YOUR INSTRUCTIONS -
Produce a faithful copy of the data, one that leaves out the pictures.

COLLECTED MATERIAL -
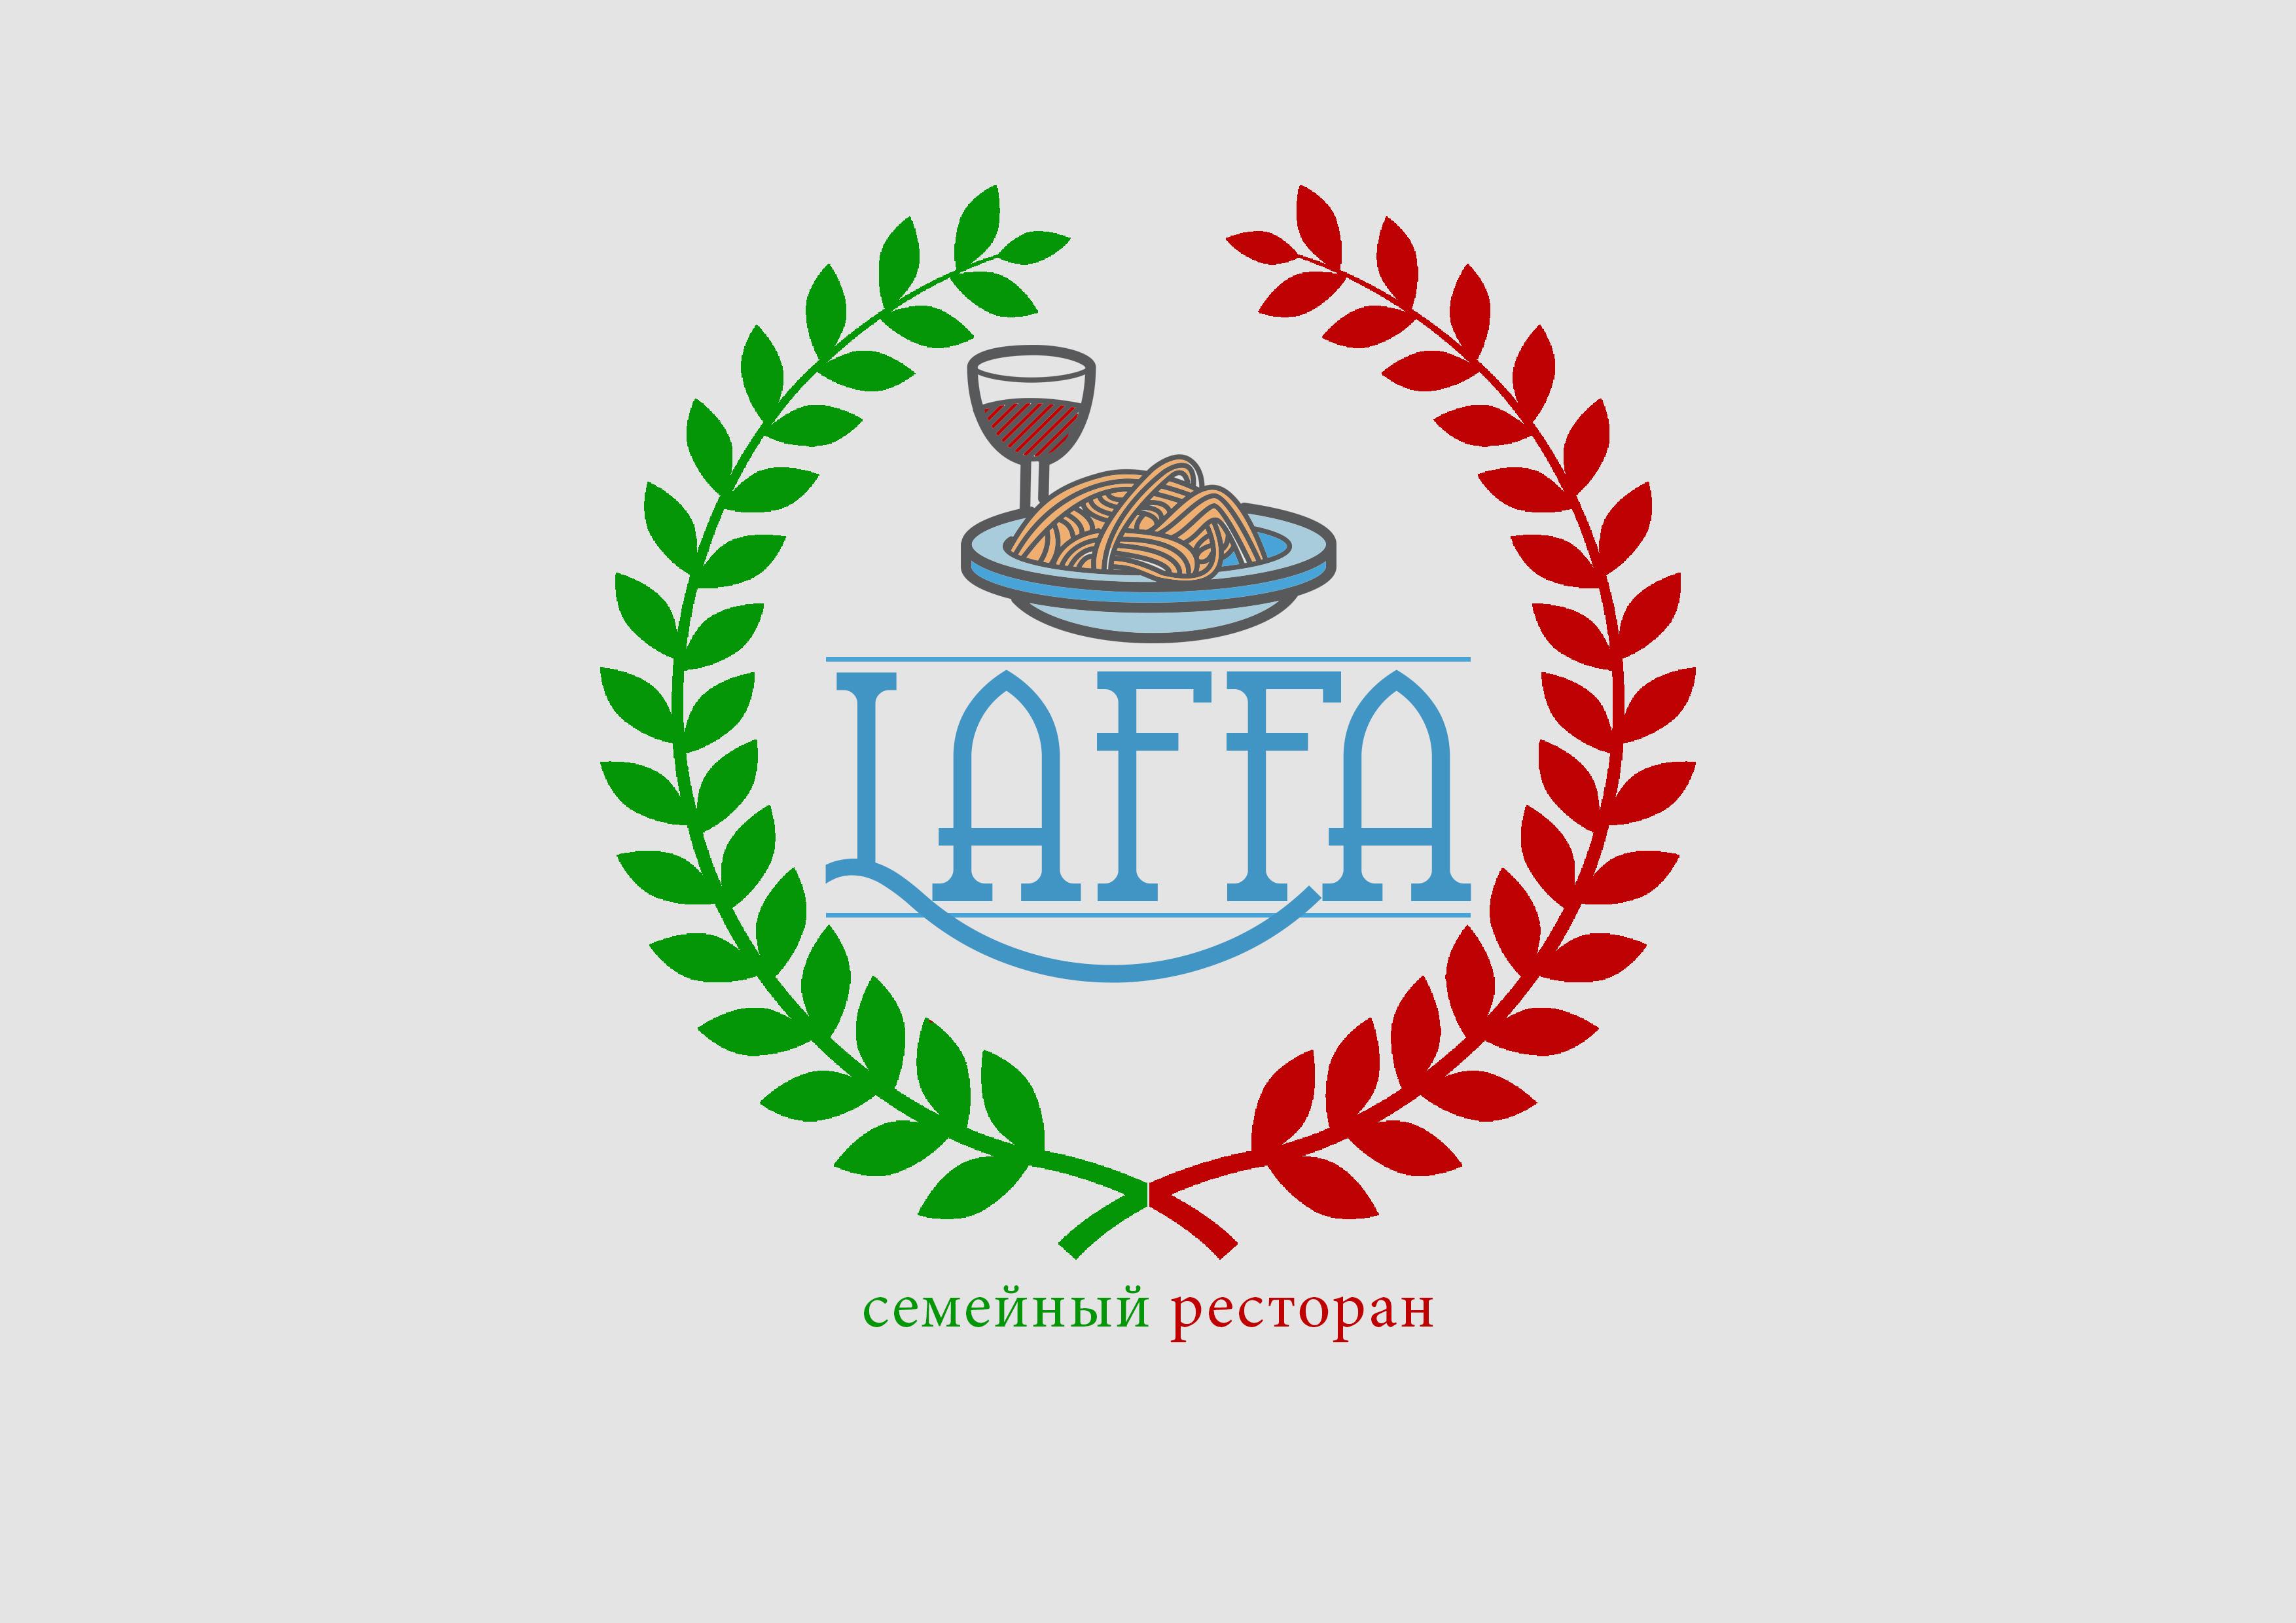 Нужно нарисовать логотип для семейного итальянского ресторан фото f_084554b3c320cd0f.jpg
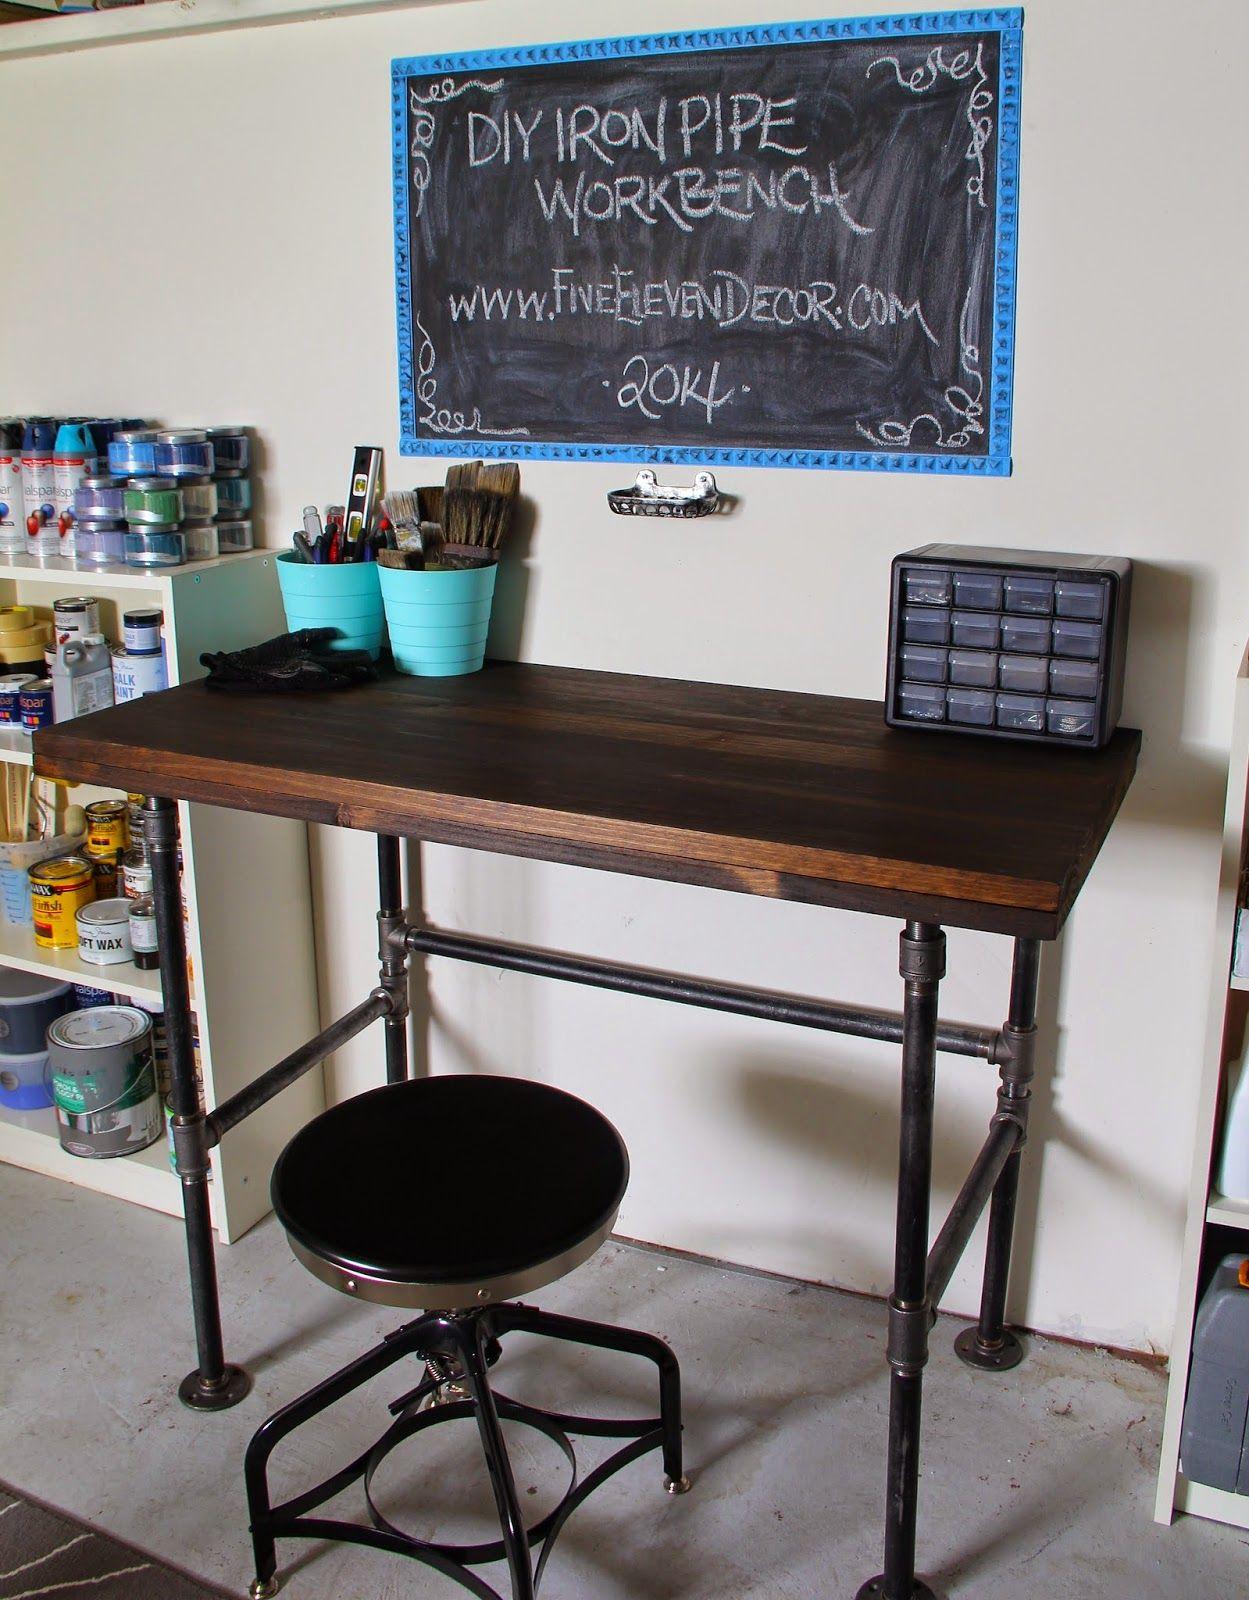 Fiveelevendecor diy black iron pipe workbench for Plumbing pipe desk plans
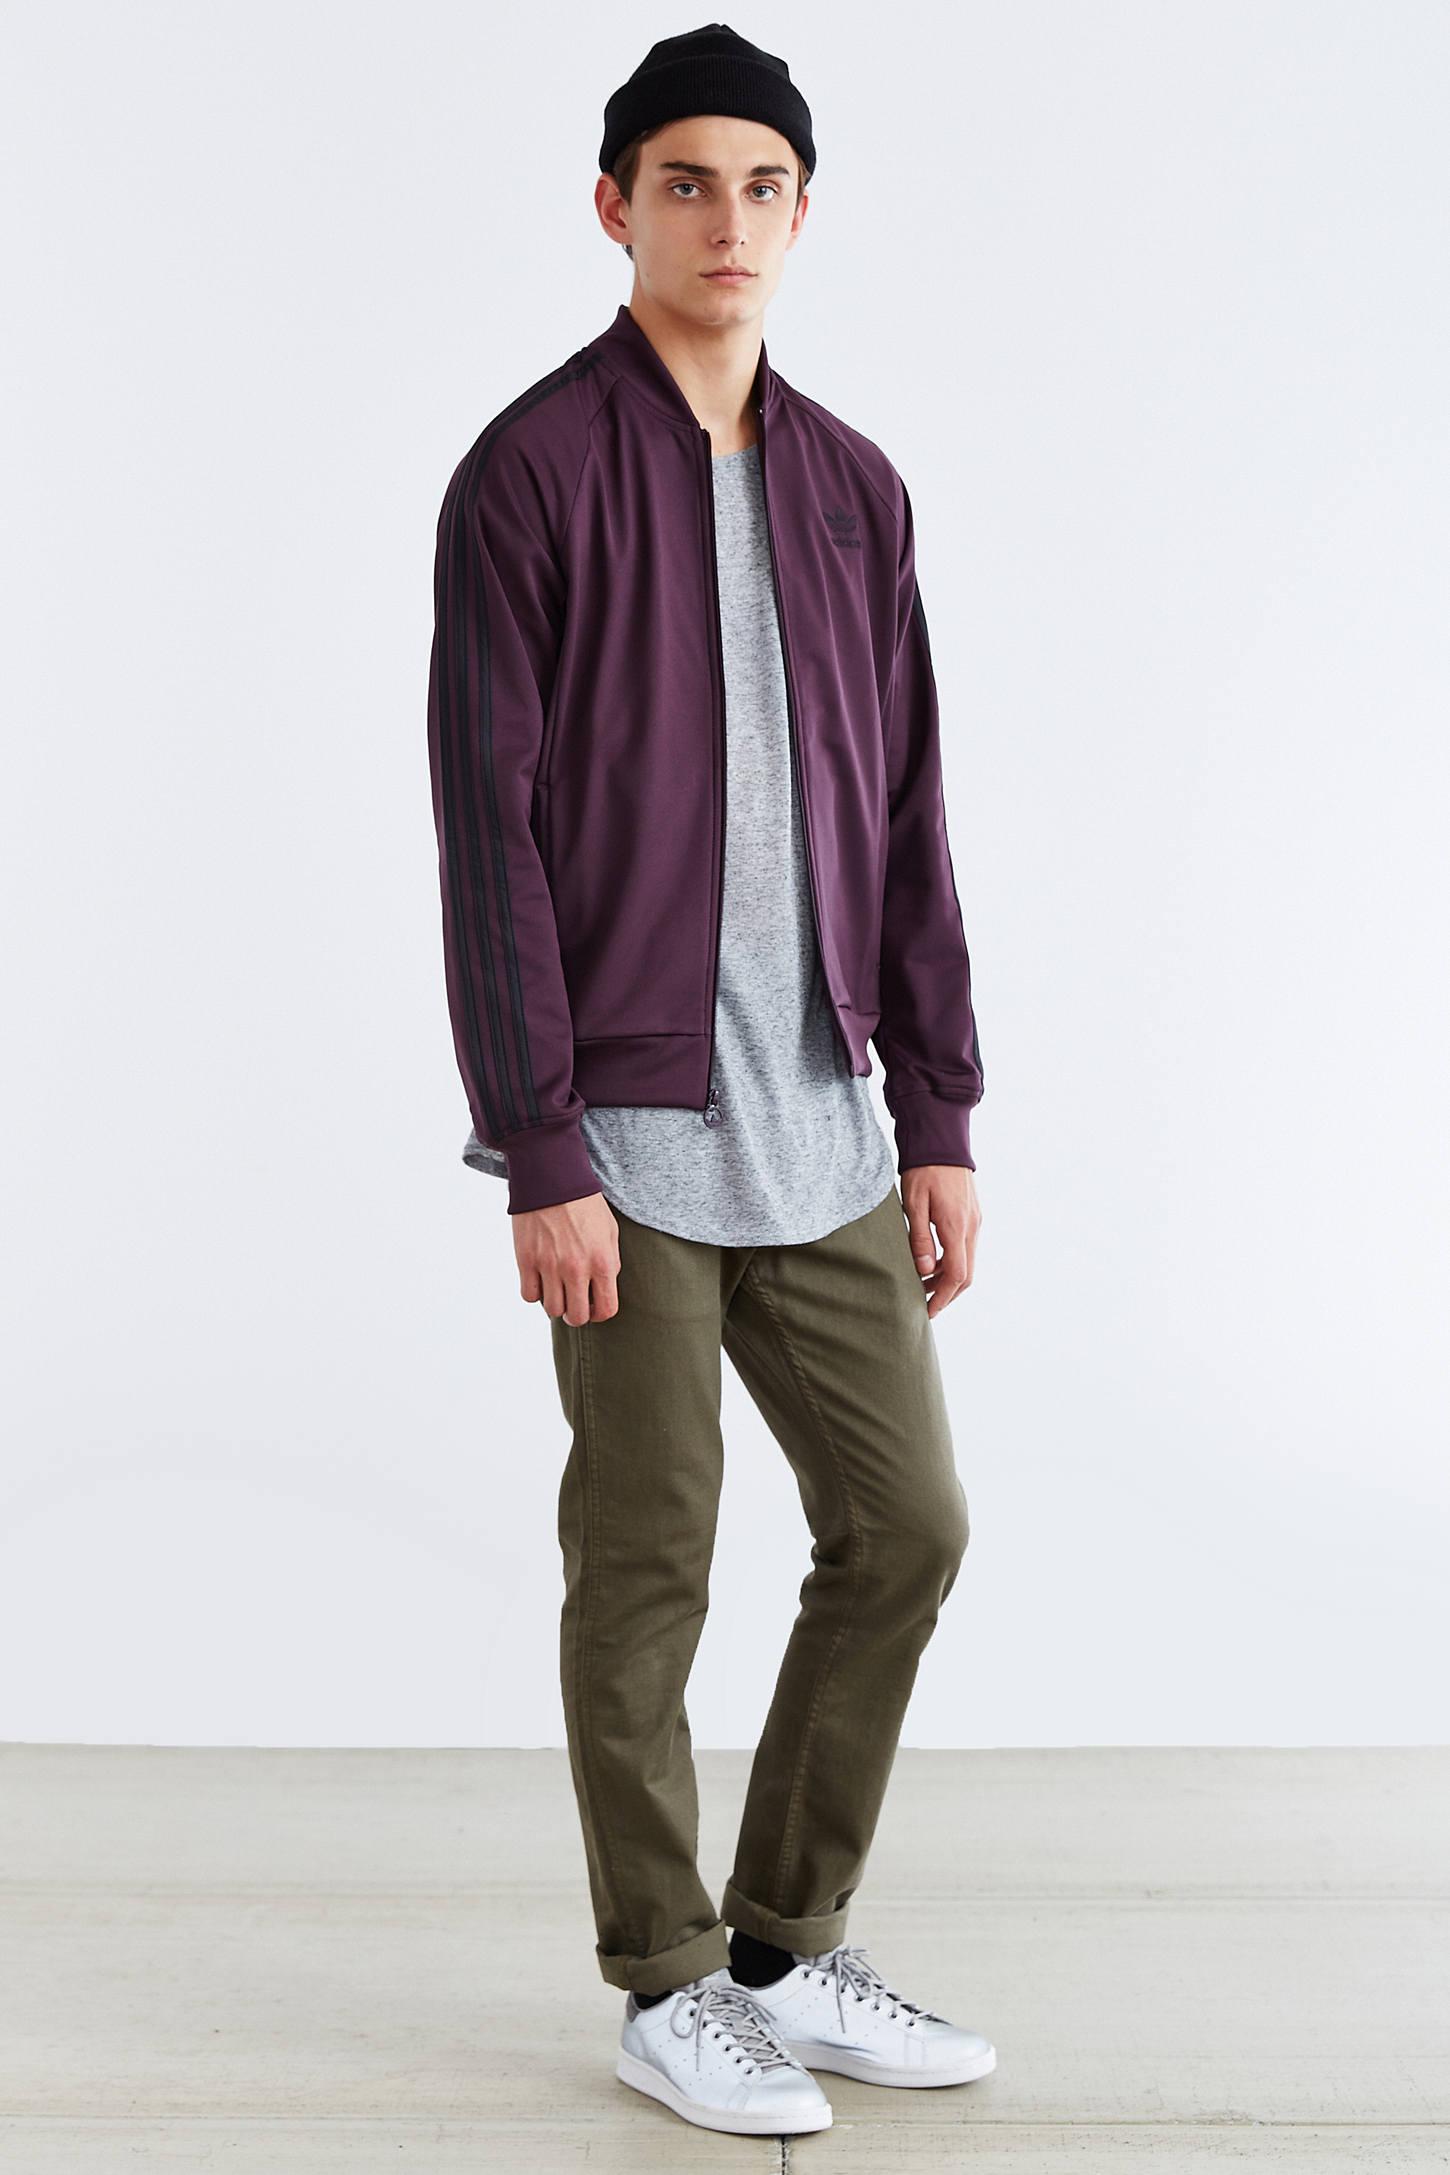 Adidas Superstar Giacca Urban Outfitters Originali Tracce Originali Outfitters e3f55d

THE COMPLETED TASK -
 Нужно нарисовать логотип для семейного итальянского ресторан фото f_084554b3c320cd0f.jpg
 Fiveelevendecor diy black iron pipe workbench for Plumbing pipe desk plans
 Adidas Superstar Giacca Urban Outfitters Originali Tracce Originali Outfitters e3f55d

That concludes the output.